[GIVEN DATA Boundary: Start]

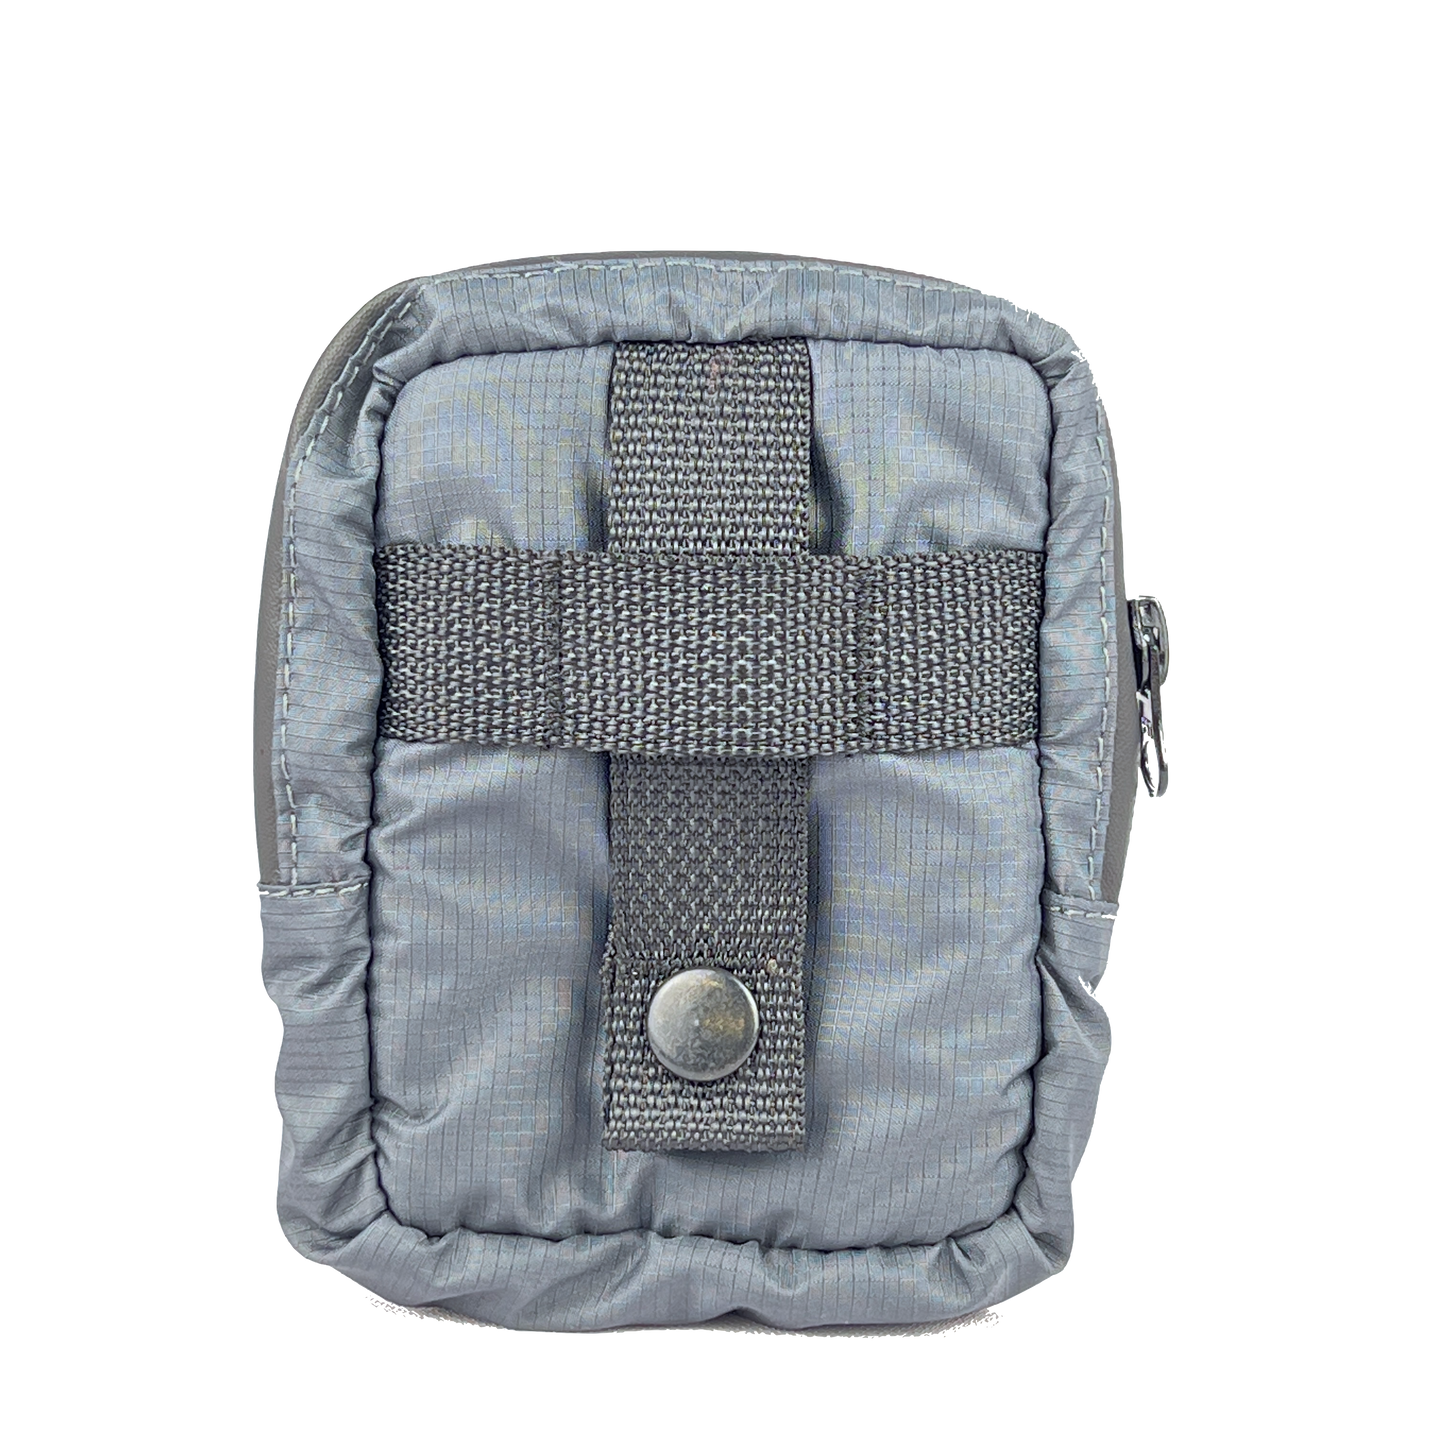 Fly box fishing pouch MOLLE 
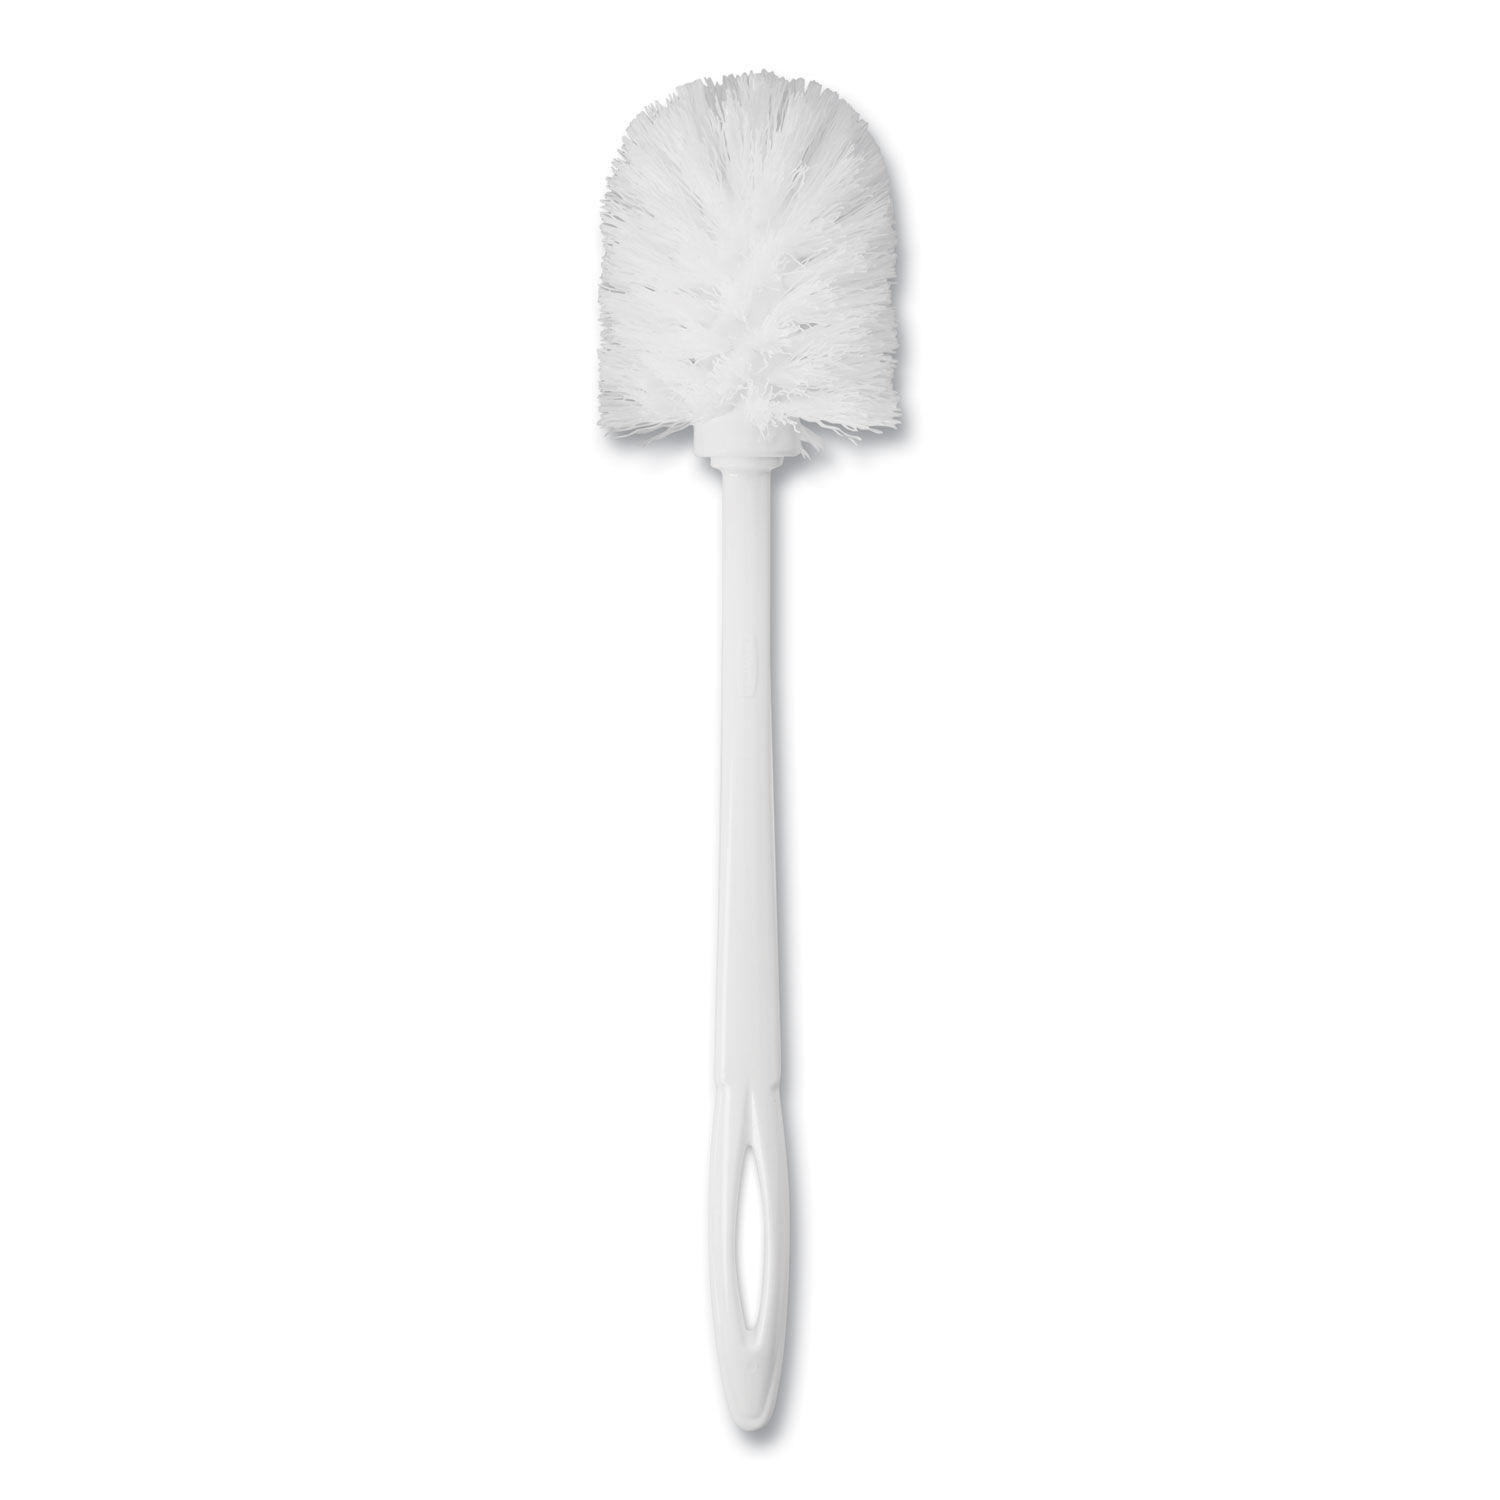 Rubbermaid Commercial Toilet Bowl Brush Holder - RCP631100CT
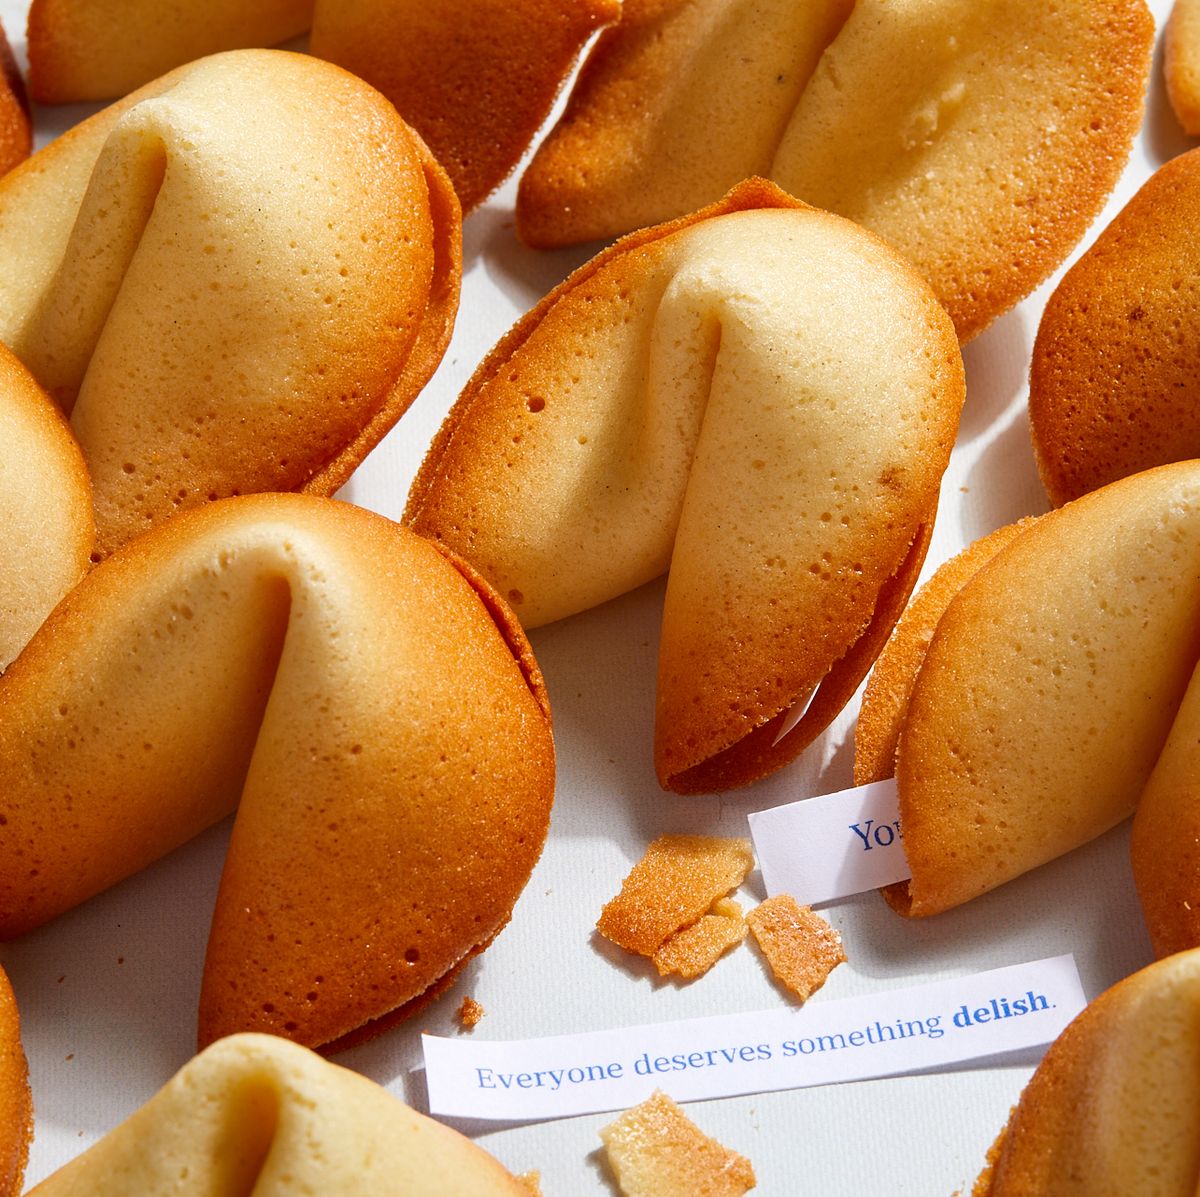 HOW TO: MAKE YOUR OWN FORTUNE COOKIES

[GIVEN DATA Boundary: End]

*TASK INSTRUCTIONS*.
Output exactly, and with no pictures, the lines from the line that holds "Rubbermaid Commercial Toilet" through the last line of the listing above.

*RESPONSE*.
 Rubbermaid Commercial Toilet Bowl Brush Holder - RCP631100CT
 HOW TO: MAKE YOUR OWN FORTUNE COOKIES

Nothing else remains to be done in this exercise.